2013-12-30 07:19:46 AM
Does it show you how to make Thermite?
 
2013-12-30 07:21:37 AM
That's SO meta.
 
2013-12-30 07:23:24 AM
www.latinorebels.com
 
2013-12-30 07:30:15 AM
I was expecting the 'art' to be a little better.
im-possible.info
 
2013-12-30 07:48:09 AM
We were so poor we had Magic Slate.
 
2013-12-30 08:44:32 AM
My Dad was in sales and marketing for Ohio Art, so we always had lots of these around the house. All of us got pretty good at it (you can, in fact, draw a perfect circle... it just takes a lot of practice), and in the early 70's the box it was packaged in had a flower that was drawn by my Mom.

One of my favorite stories regarding the Etch-a-Sketch has to do with W.C. Killgallon, who was the owner and president of Ohio Art for many years (cool guy... he always gave me a toy or some candy whenever dad brought me to work with him). There was at one time a controversy about mercury being used in it (there never was - it's aluminum powder and plastic pellets), and comments that the glass was too fragile, and if you leaned on it, it could break (it's tempered glass made to automotive standards). To deal with these stories, Mr. Killgallon had a dozen or so reporters that covered the toy industry come out to Bryan, Ohio (where the Etch-a-Sketch was made) for a demonstration. Mr.

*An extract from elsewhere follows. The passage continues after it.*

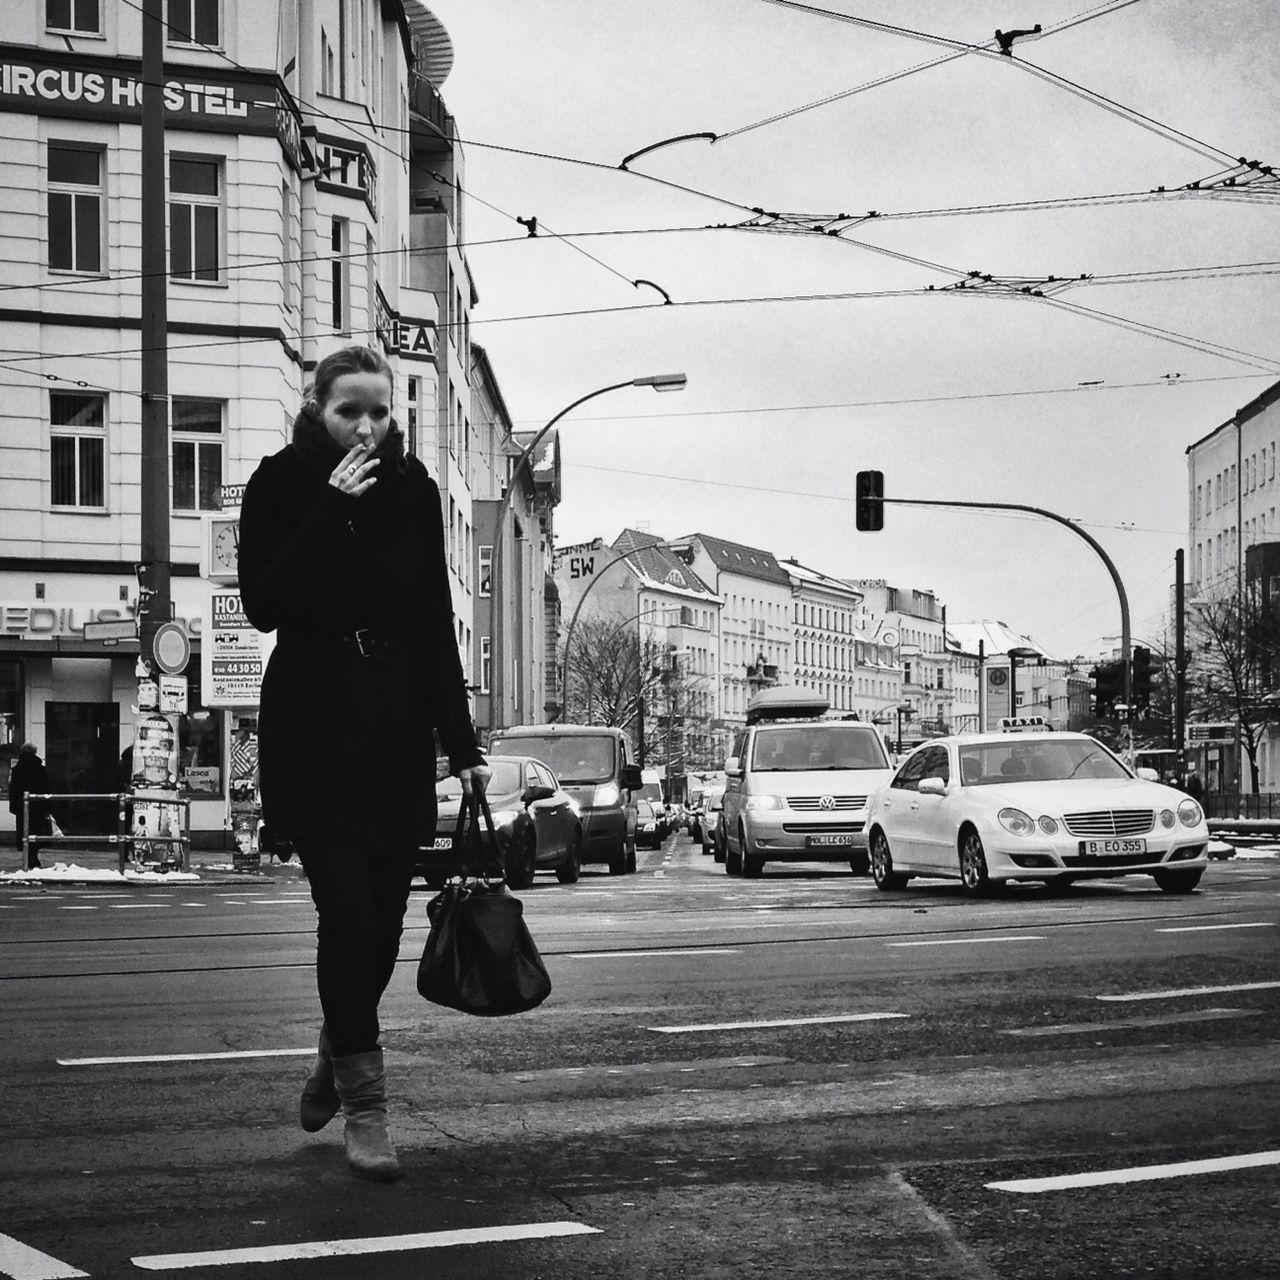 WOMAN WALKING ON CITY STREET AGAINST SKY

Killgallon had each reporter pick two completed Etch-a-Sketches off the assembly line , then had them follow him across the street to a foundry, where he had each reporter climb a scaffold and drop the Etch-a-Sketches 25 feet onto a section of boiler plating. While several of them wound up with cracked casings and broken knobs, not a single one of the drawing screens had so much as a scratch on it (he kept two of them in his office to show later visitors).
 
2013-12-30 08:56:18 AM

LonMead: My Dad was in sales and marketing for Ohio Art, so we always had lots of these around the house. All of us got pretty good at it (you can, in fact, draw a perfect circle... it just takes a lot of practice), and in the early 70's the box it was packaged in had a flower that was drawn by my Mom.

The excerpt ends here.